Pictures are to be left out; every line from the one with "SAWCon 3D: The Next Dimension" through the end of the data must be transcribed exactly.

------ DATA SHOWN ------

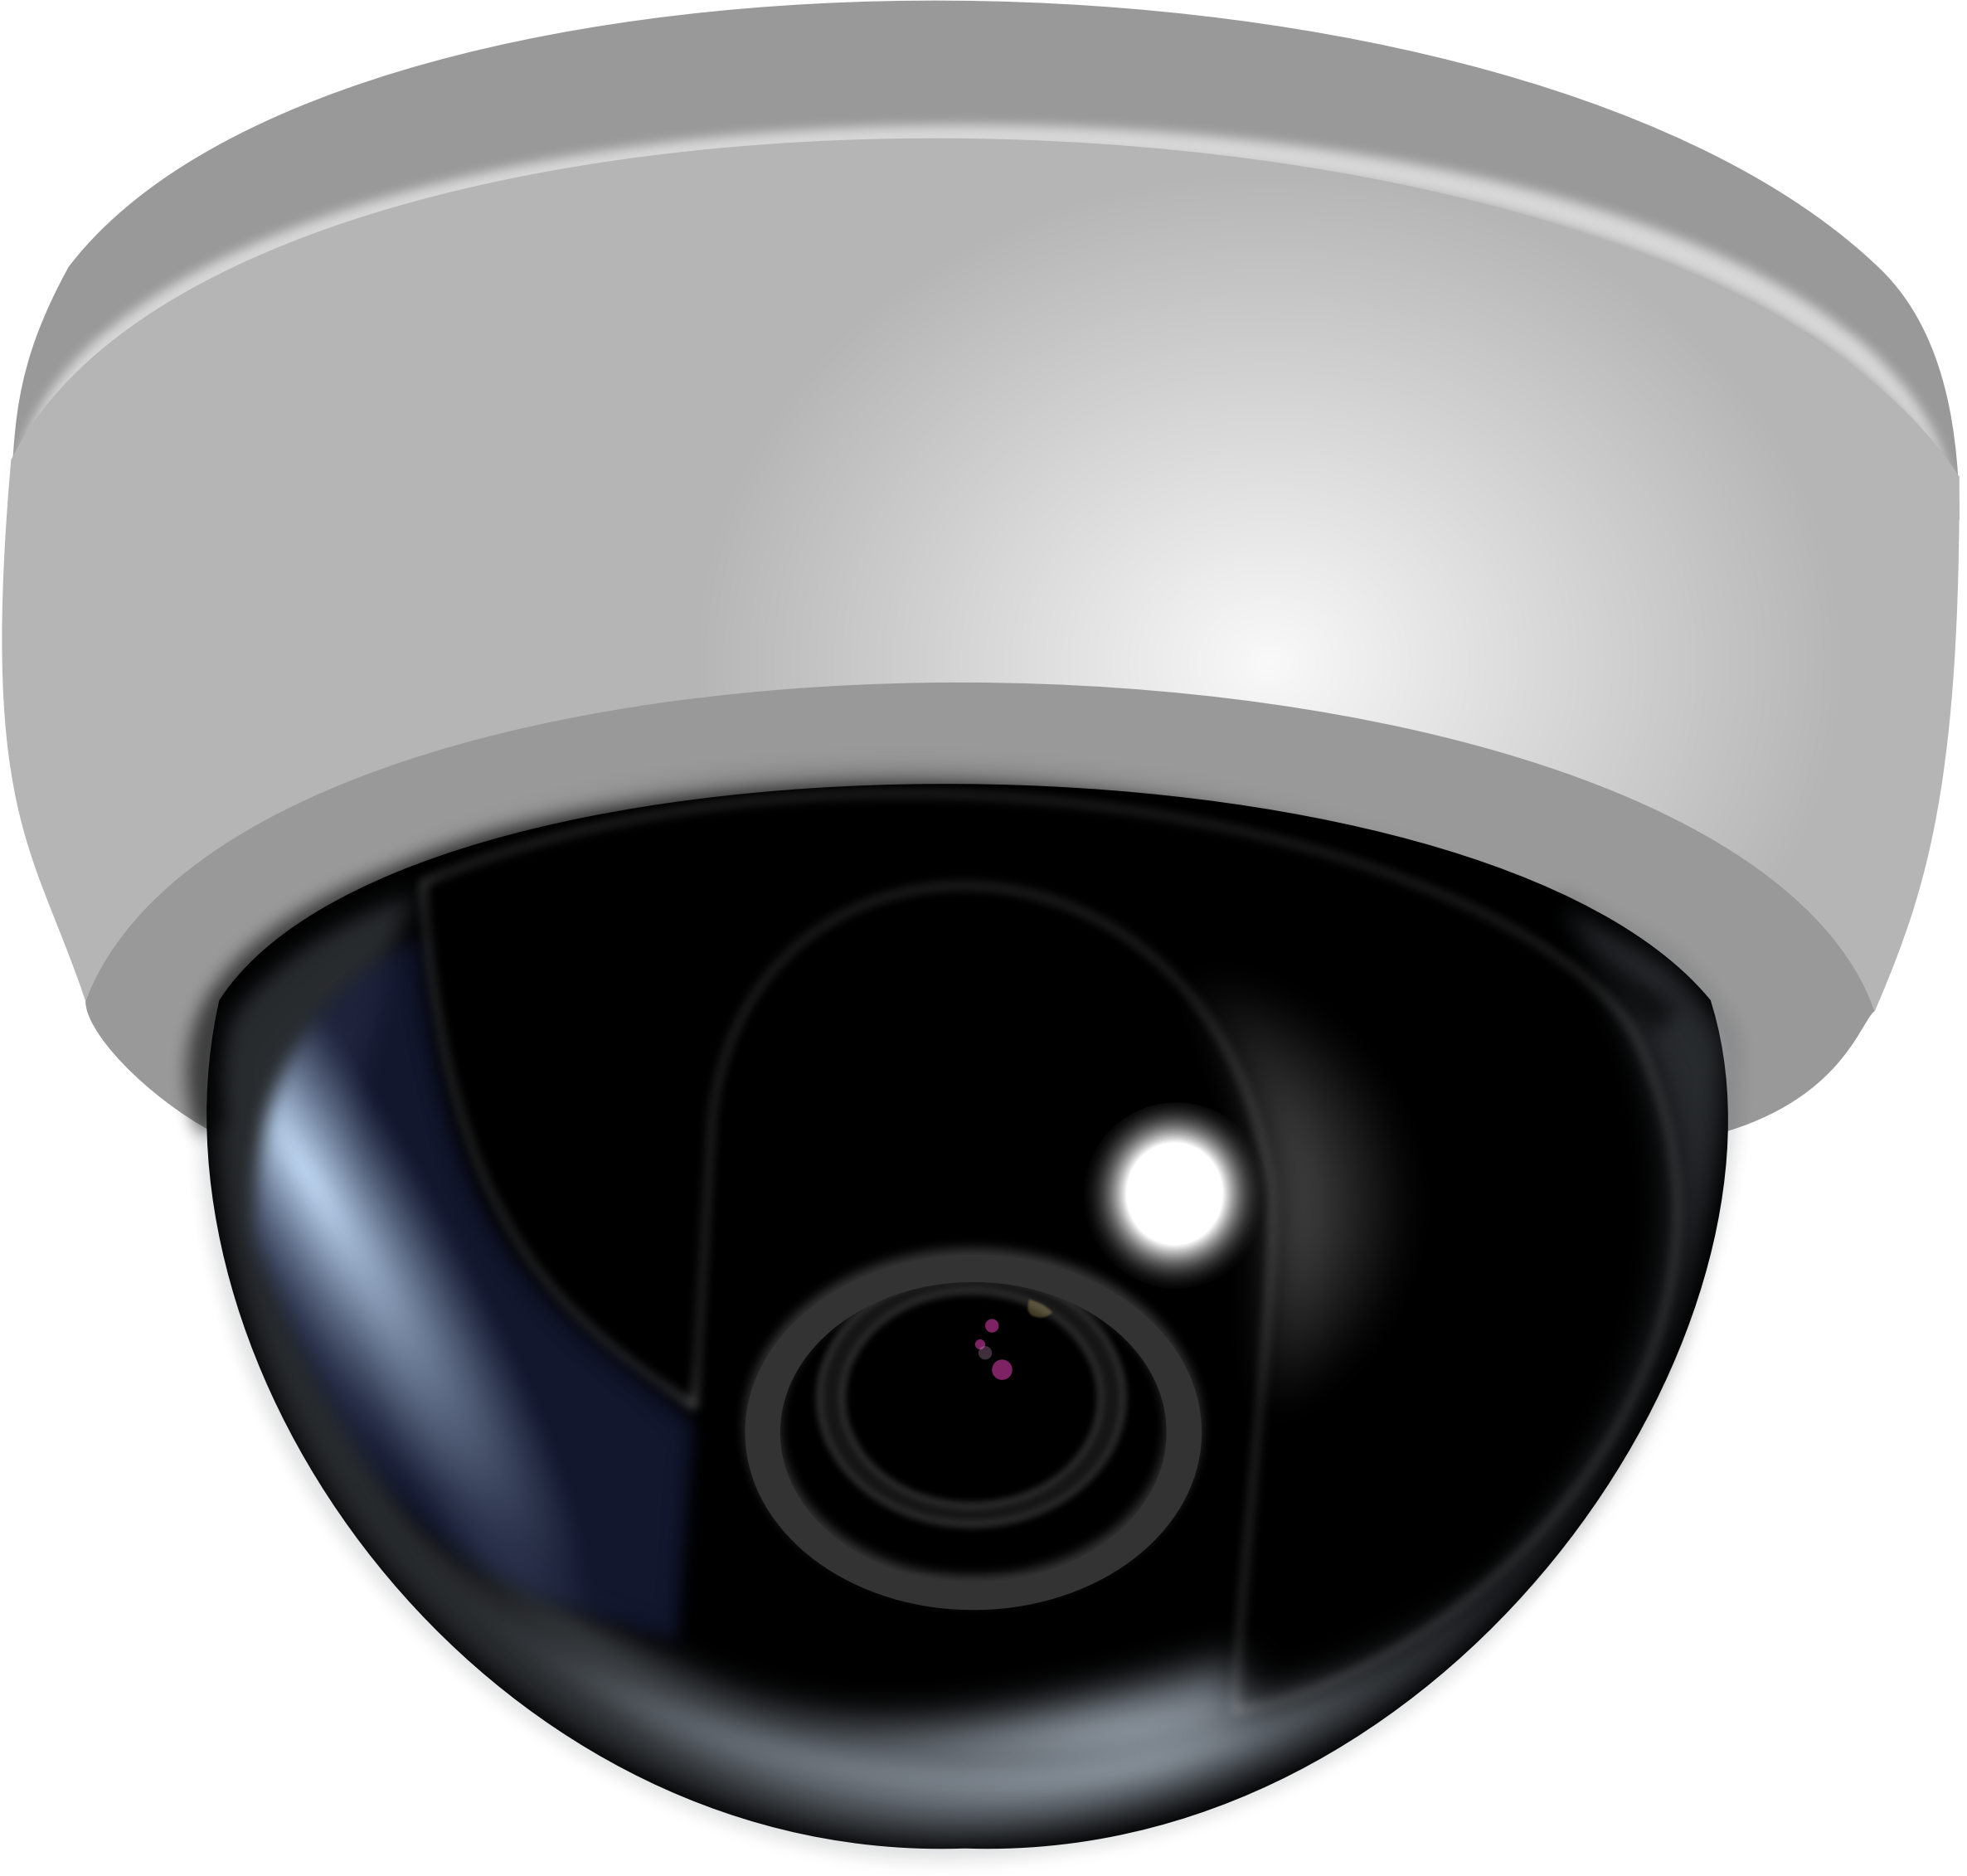 EMN-2320: IP-камера купольная. Камера видеонаблюдения kce243951. Камера видеонаблюдения круглая. Значок камеры видеонаблюдения.
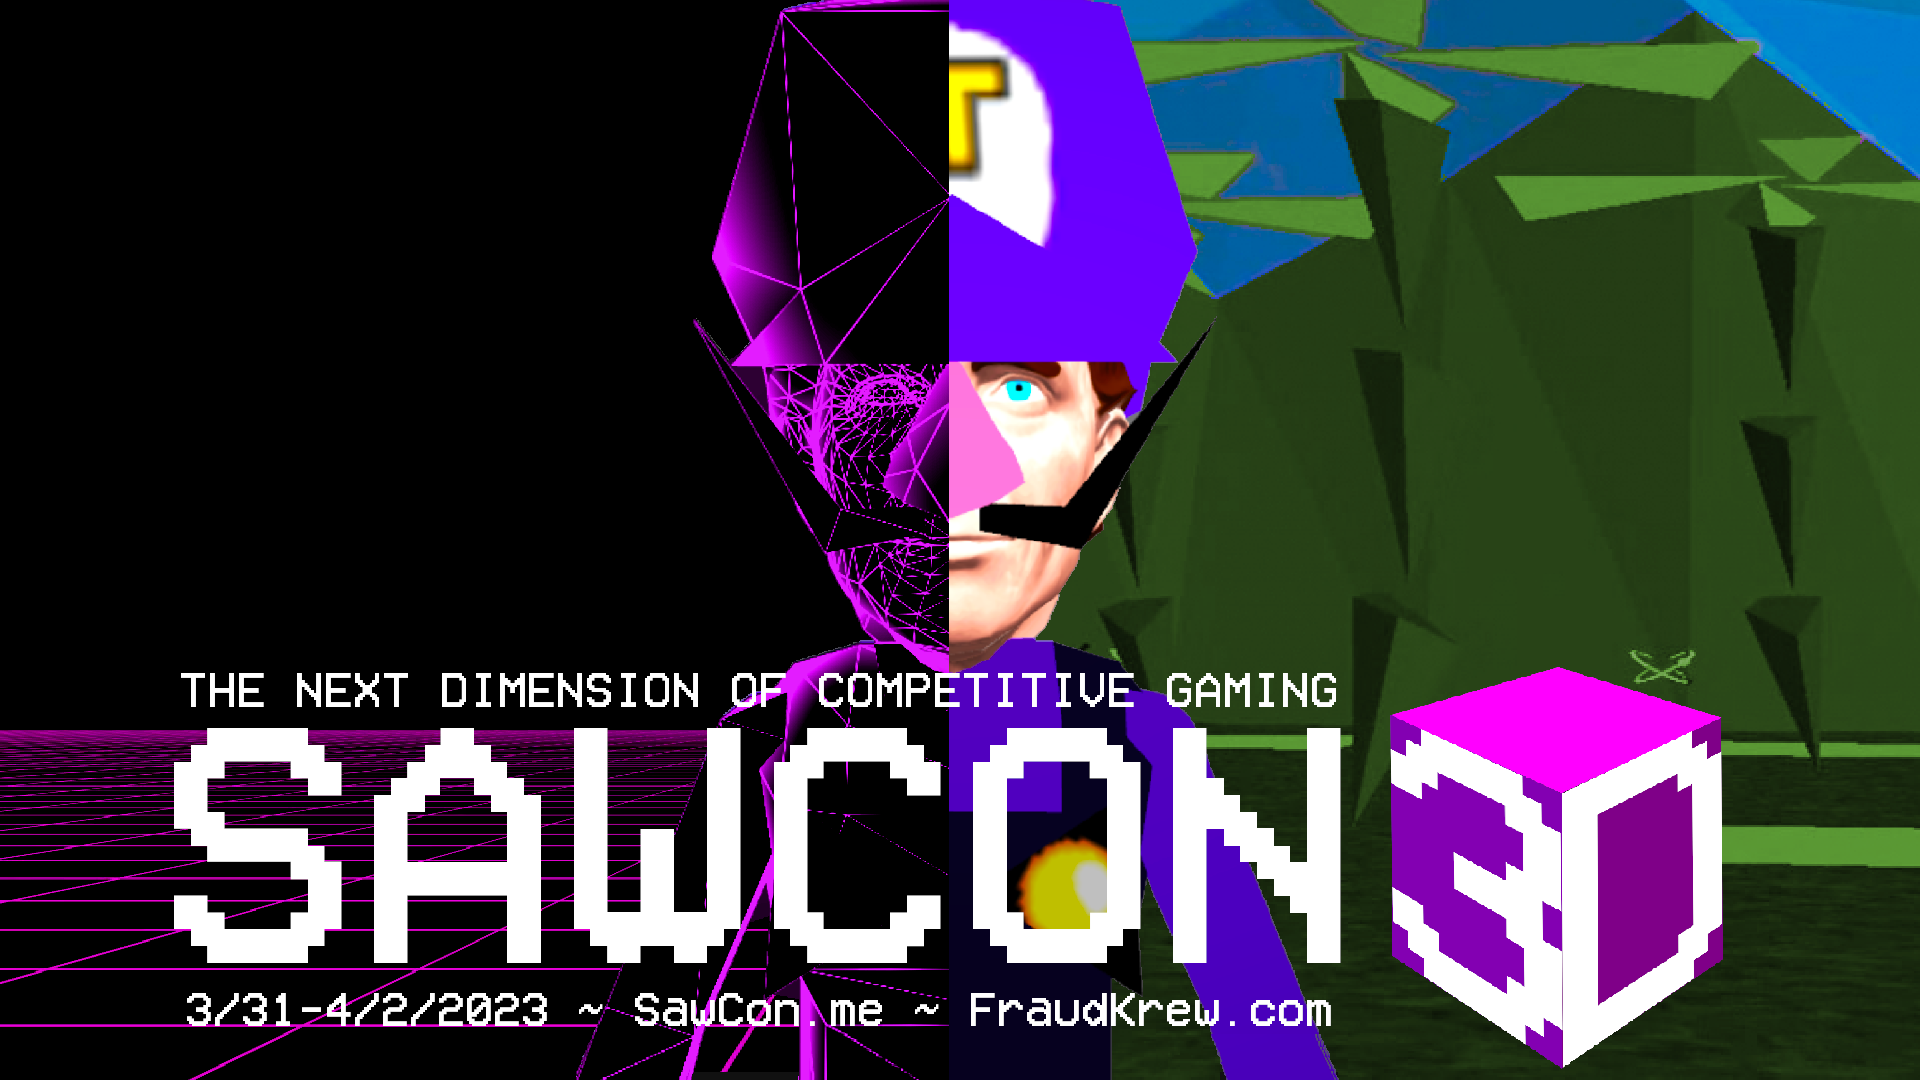 SAWCon 3D: The Next Dimension
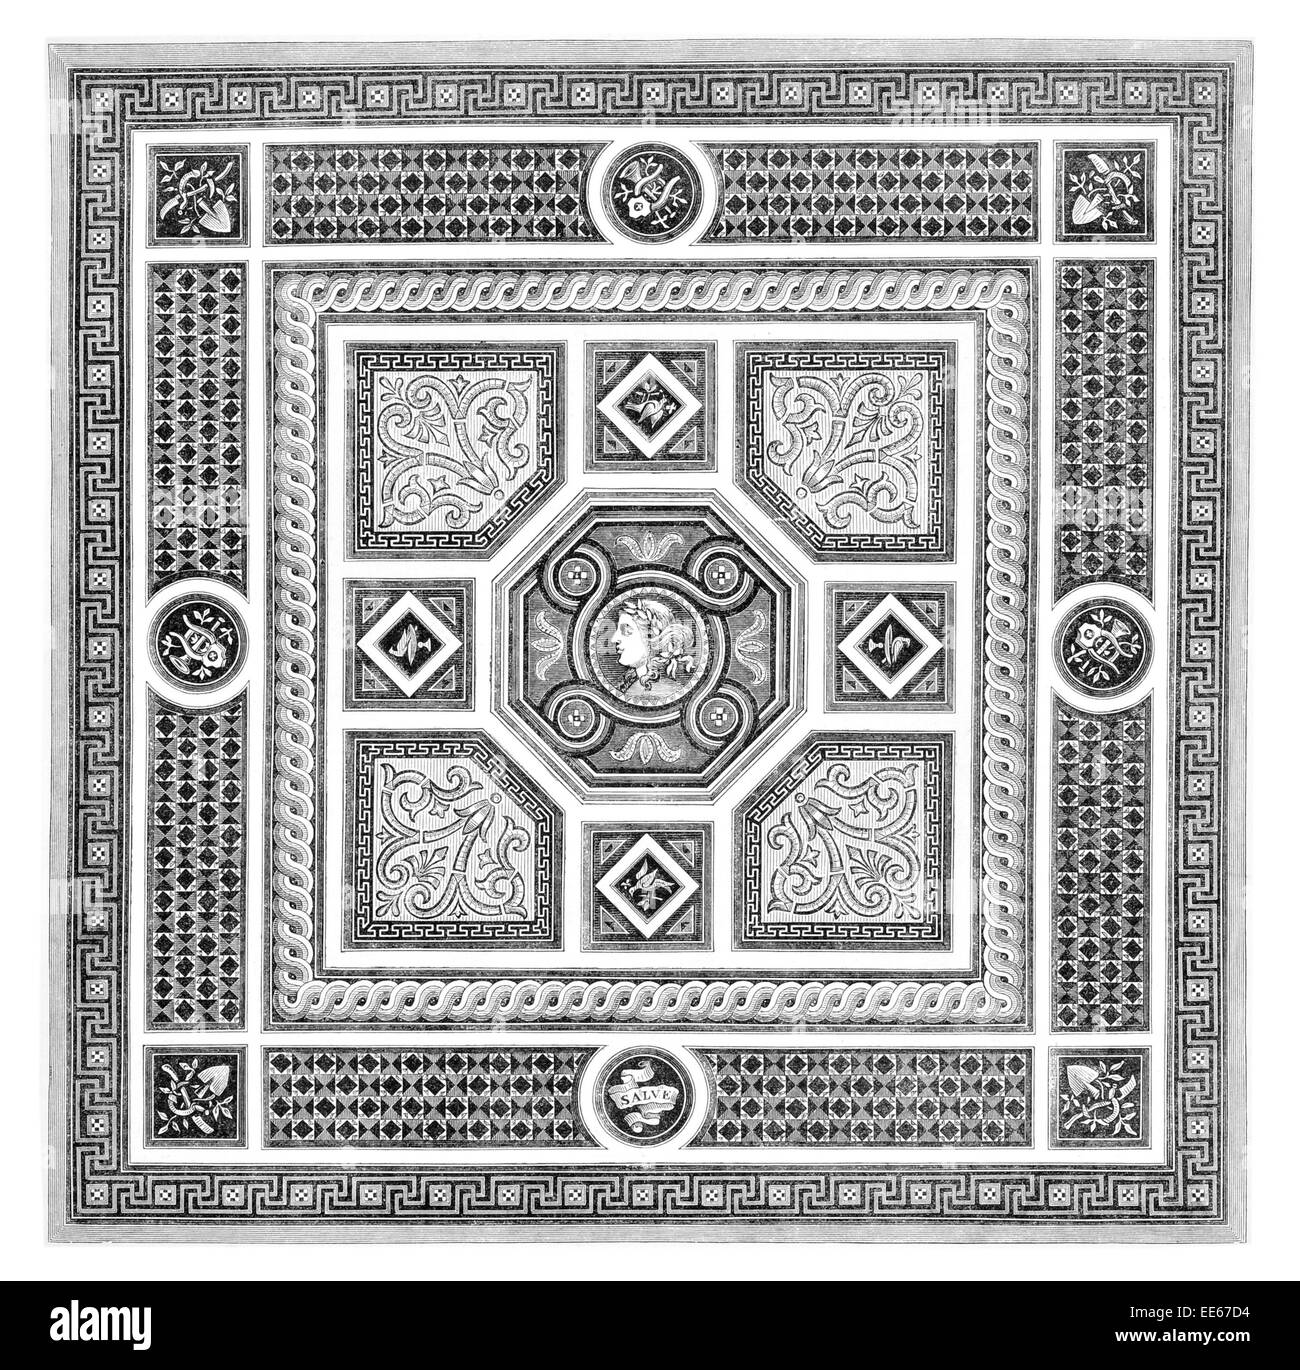 mosaic pavement Messrs Minton Stoke on Trent  tesser tile tiles tiled floor roman Greek mosaics octagonal panel guilloche border Stock Photo

------

→ **RESPONSE AREA**
 SAWCon 3D: The Next Dimension
 mosaic pavement Messrs Minton Stoke on Trent  tesser tile tiles tiled floor roman Greek mosaics octagonal panel guilloche border Stock Photo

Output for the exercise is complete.